There was no rescue this time. There wasn't even a near miss.
Back in March, Johan Svanstrom's eleventh-hour £90m share buyback – announced alongside full-year results and an enhanced dividend – bought his stock a 4.3% bounce and a puncher's chance. It needed Hikma Pharmaceuticals to collapse on a Thursday and Iran's retaliation to torch easyJet's share price on the Monday and Tuesday, but it worked. Rightmove stayed up by the skin of someone else's teeth.
The obvious question, as the June annual review approached, was whether Svanstrom would reach for the same lever again. And in a sense, he did – the buyback machine was still running right up to the cut-off date of Tuesday 2nd June, with purchases logged on the 1st, the 2nd and even the 4th, after the die was already cast.
But look closer and the story is rather different. This wasn't a fresh injection of cash – it was the same £90m programme from February, still grinding through its allotment. By the AGM trading update on 7th May, only £44m of it had been spent. And far from accelerating into the review, the daily purchases actually slowed: roughly 260,000 shares a day through May dwindled to around 154,000 a day in the first week of June. If February's buyback was a haymaker thrown at the bell, June's was a man waving weakly at the referee as he slid down the ropes.
Perhaps that's because everyone at RM's Soho Square HQ could read the table. The FTSE's rules give incumbents a buffer – you're only automatically relegated if you fall to 111th place or below by market capitalisation, while a challenger is automatically promoted on reaching 90th or above. Sit between those lines and you're normally safe. In February, Rightmove was hovering right on the trapdoor, close enough for a buyback bounce and two collapsing rivals to matter. By the June cut-off, it sat at roughly £3.1Bn – around 117th. Not on the trapdoor; through it, down the stairs, and into the car park.

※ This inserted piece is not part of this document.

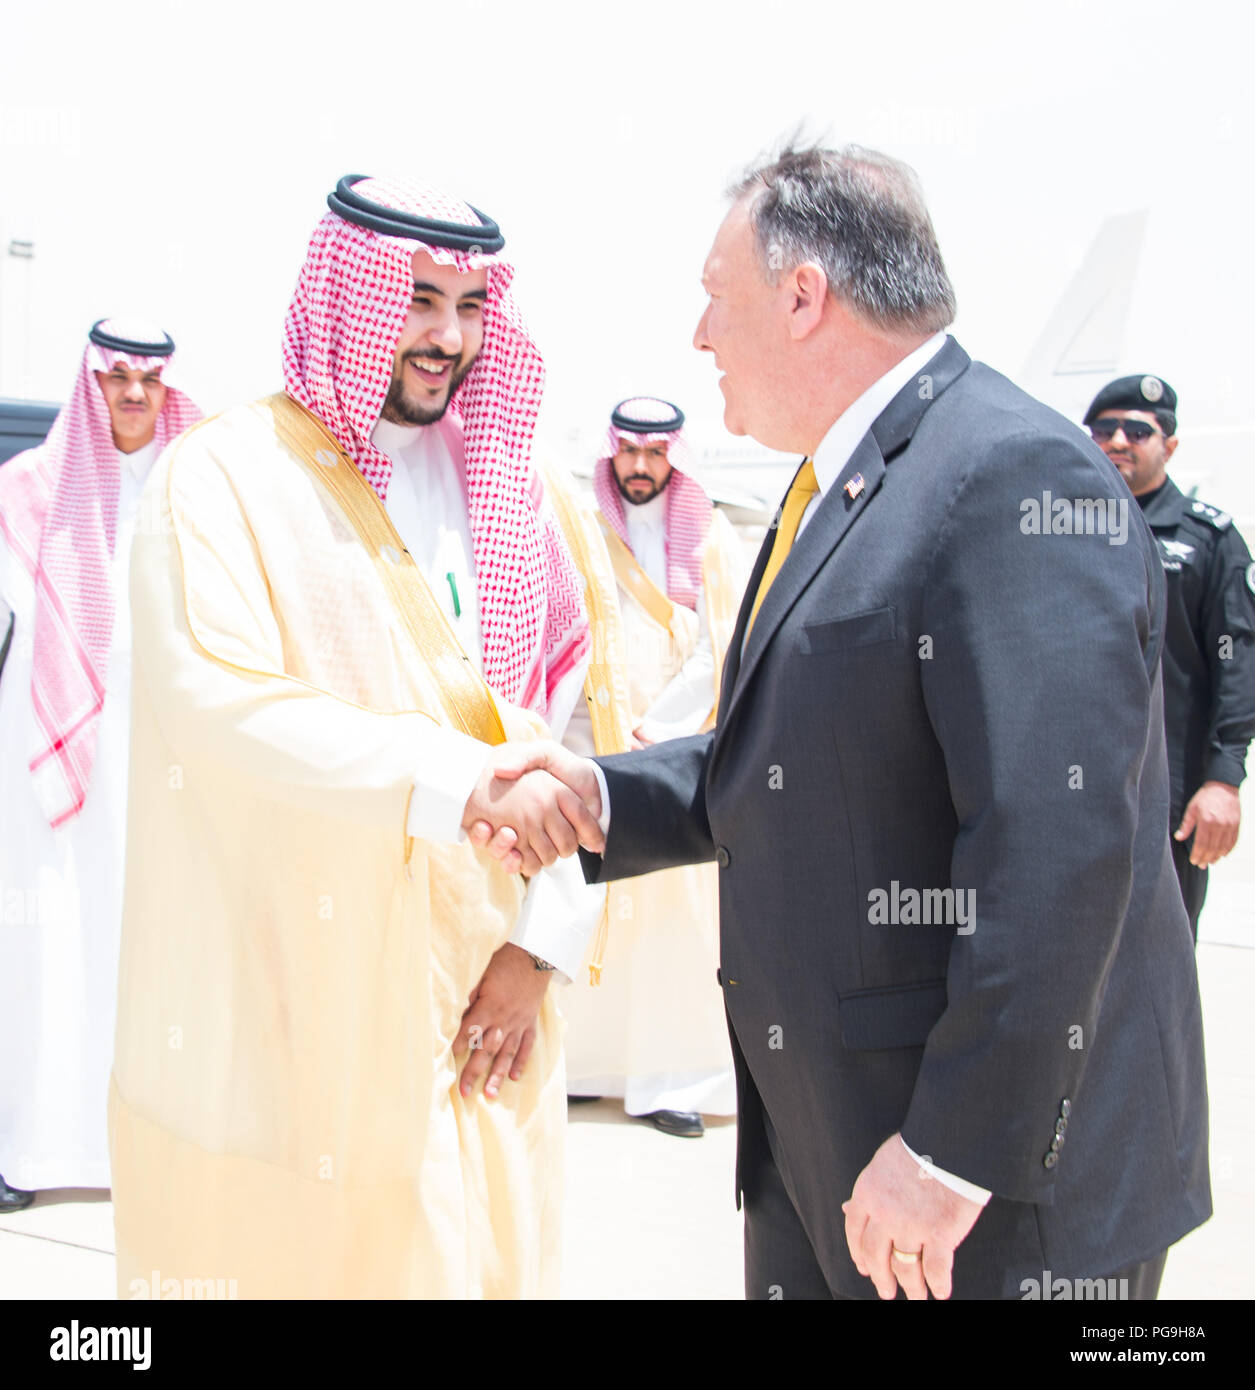 La secrétaire d'État des États-Unis, Mike Pompeo dit adieu à l'ambassadeur saoudien aux États-Unis Arabie ambassadeur aux États-Unis Khalid bin Salman qu'il quitte Riyadh, Arabie saoudite le 29 avril 2018 après des réunions avec des représentants du gouvernement saoudien. Banque D'Images

This time around, Rightmove was the only automatic relegation. The two other fallers, Mondi and Berkeley Group, were both inside the safety zone – but with three challengers (Aberdeen Group, Computacenter and Investec) storming past the 90th-place promotion line, and the index obliged to hold exactly 100 names, the two lowest-ranked survivors were squeezed out to make room. They were shoved; Rightmove fell.
What changed between March and June?
Estate agents fighting back.
In April, a £1.5Bn claim was filed against Rightmove at the Competition Appeal Tribunal, knocking another 10%+ off the share price in a day. It turns out that when your business model is charging a captive industry whatever you like, eventually somebody asks a tribunal whether that's entirely legal. No buyback outruns that arithmetic. At £1m a day, Svanstrom's programme was trying to bail out a supertanker with a champagne bucket.
And the ironies, as ever in this saga, write themselves. easyJet – the airline relegated in Rightmove's place in March, collateral damage of a war it had nothing to do with – has spent its first months in the FTSE250 being romanced. A "highly opportunistic" takeover approach from US investor Castlelake sent its shares climbing in June, the kind of attention that tends to find good businesses at unfairly depressed prices. Rightmove now arrives in the same division to keep it company, minus the suitors and minus the £90m. The unluckiest company of the spring got a bid premium; the luckiest CEO in London discovered that luck is not a strategy. Stelios will allow himself a smile.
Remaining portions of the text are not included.